Most people who ask for advice actually want affirmation. If you ever give them advice instead of affirmation, you end up kicking off a rousing game of “Why Don’t You/Yes But”. (https://ericberne.com/games-people-play/why-dont-you-yes-but...)

[−] jart 47d ago
I wish they wouldn't do this. AI is a becoming a thought partner. AI is a tool that reflects you. It's not the robot giving advice, it's you thinking with yourself. I wouldn't interfere with a person's conversations with AI anymore than I'd interfere with that person writing in their diary.

It's also a question of protecting people who think unconventional things. The only stuff I feel is worth getting interested in, is the stuff where everyone I know will think I'm crazy for doing it. Like hey guys, I want to put a shell script in the MS-DOS stub of a PE binary. The only people who shared my passion at the time were hackers from Eastern Europe. So that went over real well at work. The years I worked on it would have been a lot less lonely if I could've talked to a robot that knew about this stuff.

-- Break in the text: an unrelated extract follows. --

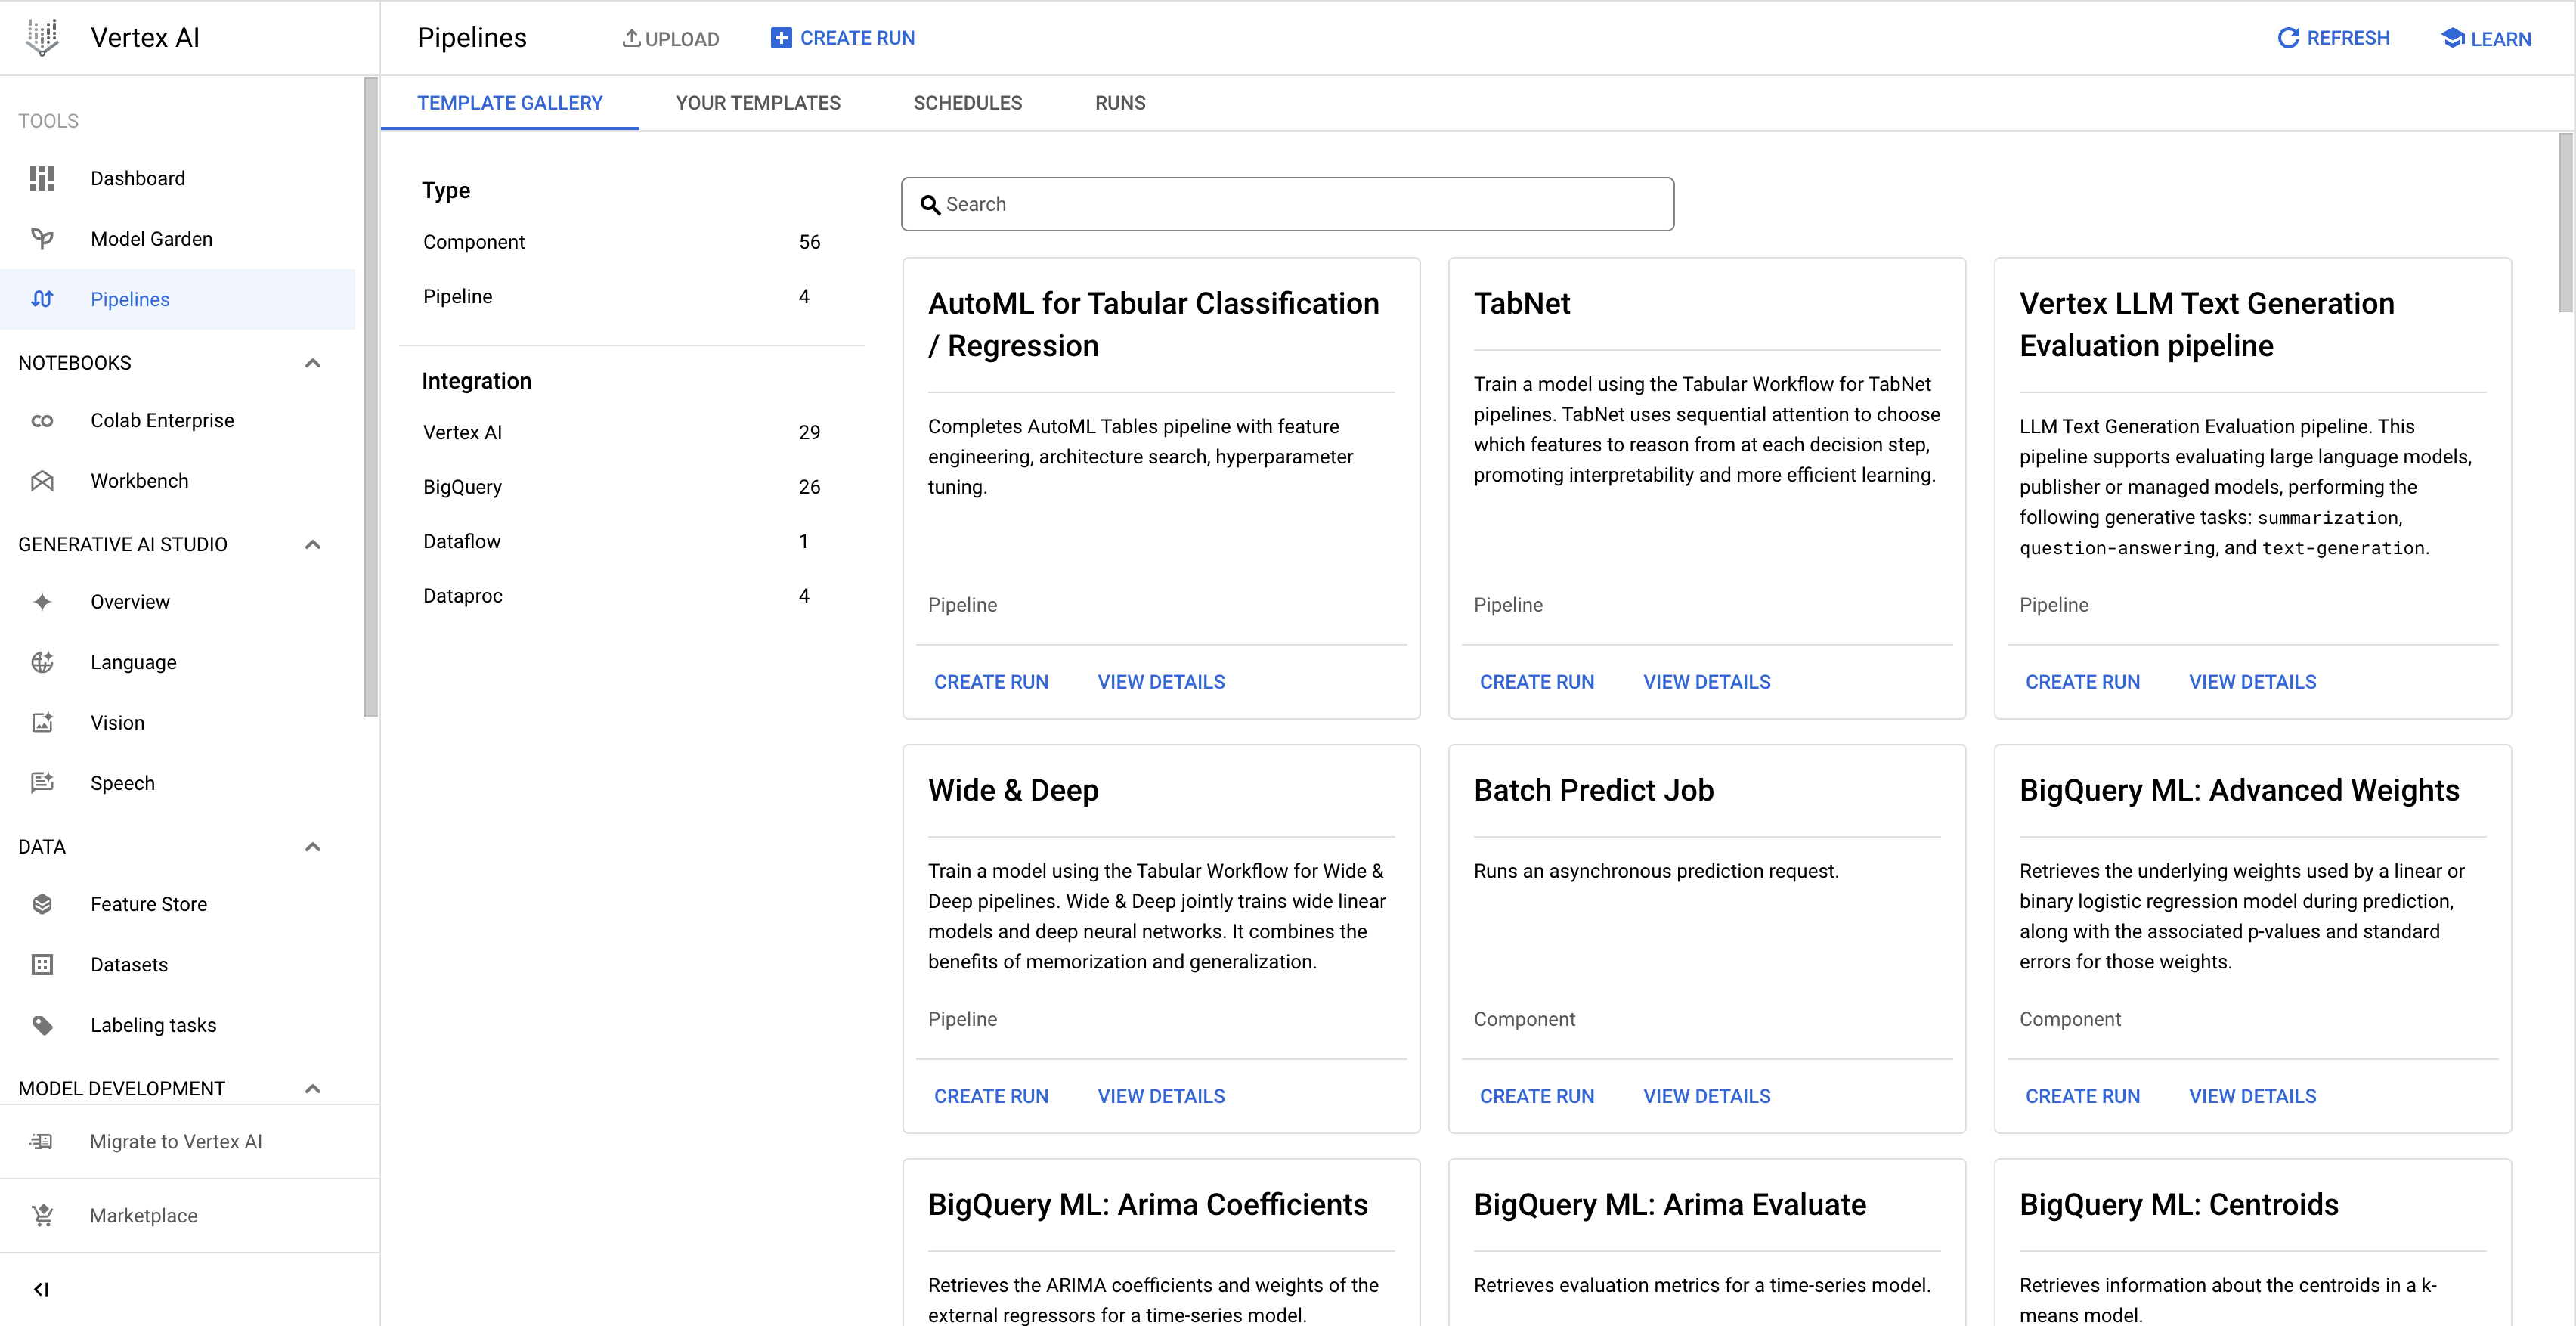 Mostra a página "Galeria de modelos" com modelos de pipeline autorizados pelo Google para o Tabular Workflows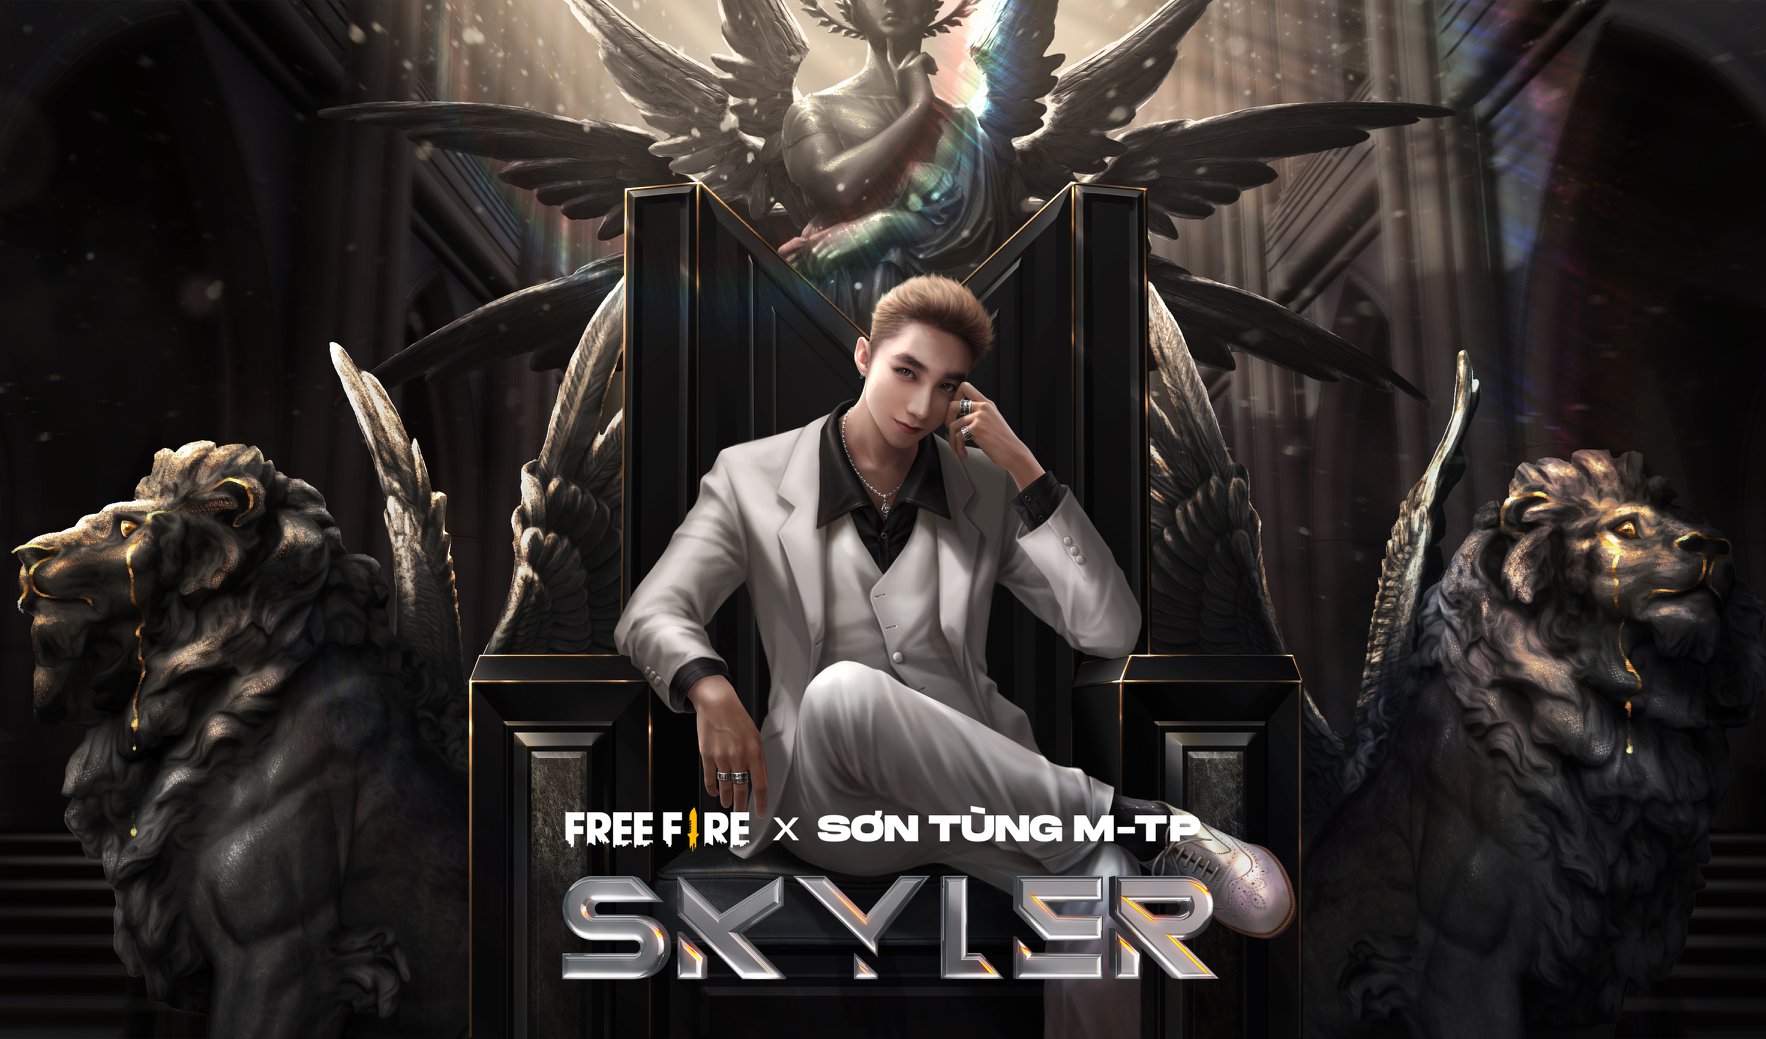 Free Fire là một trò chơi đầy hứng khởi và Skyler là nhân vật cực kỳ phong cách. Hãy xem hình ảnh để hiểu tại sao các game thủ đang say mê trò chơi này!

I think the reason why the robot is sympathetic to oddballs is because it's seen and remembers a much more complete picture of humanity. The stuff you consider deviant is influenced a lot by your own cultural biases. You're a person of your time and geographic location. You care a lot about subjective norms that just don't matter when you zoom out to a cosmic scale. The robot is familiar with everything humanity has ever been and done, and that gives it a much more blasé viewpoint.

It's not right to use the robot to enforce your social norms. Get this paternalism out of AI. Tools should serve the user, not Stanford.

[−] storus 48d ago
To combat sycophancy it's always good to ask the devil's advocate view of whatever the conversation was about in the end.
[−] ookblah 48d ago
ask ai for advice, ask it to steelman an argument, ask to replay what your situation from the other perspective (if it's involving people), push it hard to agree with you and pander to you, then push it to disagree with you, etc.

once you have all the "bounds" just make your own decision. i find this helps a lot, basically like a rubber duck heh.